(Items from a data source)
+-------+

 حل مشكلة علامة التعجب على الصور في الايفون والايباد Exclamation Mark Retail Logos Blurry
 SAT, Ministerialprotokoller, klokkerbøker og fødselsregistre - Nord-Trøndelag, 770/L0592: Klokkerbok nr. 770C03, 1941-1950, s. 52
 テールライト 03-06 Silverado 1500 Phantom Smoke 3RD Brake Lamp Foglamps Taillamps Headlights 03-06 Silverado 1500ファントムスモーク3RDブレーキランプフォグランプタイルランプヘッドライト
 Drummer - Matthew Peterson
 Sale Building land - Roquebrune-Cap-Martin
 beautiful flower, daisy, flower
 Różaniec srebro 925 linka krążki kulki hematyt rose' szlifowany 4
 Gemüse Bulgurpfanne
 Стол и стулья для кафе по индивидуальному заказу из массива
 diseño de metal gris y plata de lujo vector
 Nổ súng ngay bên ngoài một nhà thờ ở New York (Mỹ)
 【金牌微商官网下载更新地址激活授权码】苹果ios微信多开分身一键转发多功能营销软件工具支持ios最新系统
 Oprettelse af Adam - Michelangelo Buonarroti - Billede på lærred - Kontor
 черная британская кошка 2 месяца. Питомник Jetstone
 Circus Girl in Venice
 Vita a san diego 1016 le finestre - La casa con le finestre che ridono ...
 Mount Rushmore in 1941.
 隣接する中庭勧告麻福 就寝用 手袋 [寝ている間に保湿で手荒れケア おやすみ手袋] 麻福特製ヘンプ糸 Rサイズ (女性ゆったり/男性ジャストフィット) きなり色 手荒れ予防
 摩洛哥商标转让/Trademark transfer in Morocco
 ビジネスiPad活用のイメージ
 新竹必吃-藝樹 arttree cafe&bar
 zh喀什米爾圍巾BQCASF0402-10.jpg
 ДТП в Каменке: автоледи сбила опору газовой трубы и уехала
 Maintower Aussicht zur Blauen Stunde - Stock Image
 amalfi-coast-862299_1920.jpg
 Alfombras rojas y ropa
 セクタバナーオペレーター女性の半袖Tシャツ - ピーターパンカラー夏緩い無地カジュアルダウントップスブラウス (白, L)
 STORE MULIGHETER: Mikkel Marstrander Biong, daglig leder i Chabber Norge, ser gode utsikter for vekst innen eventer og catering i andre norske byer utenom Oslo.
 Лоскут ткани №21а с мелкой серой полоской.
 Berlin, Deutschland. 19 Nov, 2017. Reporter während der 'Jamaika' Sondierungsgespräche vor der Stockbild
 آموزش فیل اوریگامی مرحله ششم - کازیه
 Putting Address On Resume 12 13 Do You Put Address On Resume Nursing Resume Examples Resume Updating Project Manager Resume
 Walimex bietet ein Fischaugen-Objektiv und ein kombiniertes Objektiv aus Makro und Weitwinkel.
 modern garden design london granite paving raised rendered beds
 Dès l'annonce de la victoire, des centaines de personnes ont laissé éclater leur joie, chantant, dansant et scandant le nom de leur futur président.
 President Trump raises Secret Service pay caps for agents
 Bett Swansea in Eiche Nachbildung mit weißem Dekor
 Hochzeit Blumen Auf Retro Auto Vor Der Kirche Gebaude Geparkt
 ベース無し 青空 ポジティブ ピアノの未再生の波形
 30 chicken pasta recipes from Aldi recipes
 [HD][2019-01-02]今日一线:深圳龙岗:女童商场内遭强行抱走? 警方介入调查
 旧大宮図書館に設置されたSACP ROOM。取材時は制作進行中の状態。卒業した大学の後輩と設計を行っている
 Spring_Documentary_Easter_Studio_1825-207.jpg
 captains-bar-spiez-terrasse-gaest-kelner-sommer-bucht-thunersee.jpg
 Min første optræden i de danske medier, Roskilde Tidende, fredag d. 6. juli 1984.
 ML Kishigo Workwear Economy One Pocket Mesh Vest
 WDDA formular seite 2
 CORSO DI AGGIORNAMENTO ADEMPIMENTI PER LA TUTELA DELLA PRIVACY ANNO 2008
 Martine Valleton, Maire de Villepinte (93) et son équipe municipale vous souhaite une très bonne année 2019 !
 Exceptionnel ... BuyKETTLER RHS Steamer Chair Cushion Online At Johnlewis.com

+-------+

> **Work required**
Among the records above, repeat exactly the line with "Gemüse Bulgurpfanne", the line with "Dès l'annonce de", and every line in between, and only those.

> **Response**
 Gemüse Bulgurpfanne
 Стол и стулья для кафе по индивидуальному заказу из массива
 diseño de metal gris y plata de lujo vector
 Nổ súng ngay bên ngoài một nhà thờ ở New York (Mỹ)
 【金牌微商官网下载更新地址激活授权码】苹果ios微信多开分身一键转发多功能营销软件工具支持ios最新系统
 Oprettelse af Adam - Michelangelo Buonarroti - Billede på lærred - Kontor
 черная британская кошка 2 месяца. Питомник Jetstone
 Circus Girl in Venice
 Vita a san diego 1016 le finestre - La casa con le finestre che ridono ...
 Mount Rushmore in 1941.
 隣接する中庭勧告麻福 就寝用 手袋 [寝ている間に保湿で手荒れケア おやすみ手袋] 麻福特製ヘンプ糸 Rサイズ (女性ゆったり/男性ジャストフィット) きなり色 手荒れ予防
 摩洛哥商标转让/Trademark transfer in Morocco
 ビジネスiPad活用のイメージ
 新竹必吃-藝樹 arttree cafe&bar
 zh喀什米爾圍巾BQCASF0402-10.jpg
 ДТП в Каменке: автоледи сбила опору газовой трубы и уехала
 Maintower Aussicht zur Blauen Stunde - Stock Image
 amalfi-coast-862299_1920.jpg
 Alfombras rojas y ropa
 セクタバナーオペレーター女性の半袖Tシャツ - ピーターパンカラー夏緩い無地カジュアルダウントップスブラウス (白, L)
 STORE MULIGHETER: Mikkel Marstrander Biong, daglig leder i Chabber Norge, ser gode utsikter for vekst innen eventer og catering i andre norske byer utenom Oslo.
 Лоскут ткани №21а с мелкой серой полоской.
 Berlin, Deutschland. 19 Nov, 2017. Reporter während der 'Jamaika' Sondierungsgespräche vor der Stockbild
 آموزش فیل اوریگامی مرحله ششم - کازیه
 Putting Address On Resume 12 13 Do You Put Address On Resume Nursing Resume Examples Resume Updating Project Manager Resume
 Walimex bietet ein Fischaugen-Objektiv und ein kombiniertes Objektiv aus Makro und Weitwinkel.
 modern garden design london granite paving raised rendered beds
 Dès l'annonce de la victoire, des centaines de personnes ont laissé éclater leur joie, chantant, dansant et scandant le nom de leur futur président.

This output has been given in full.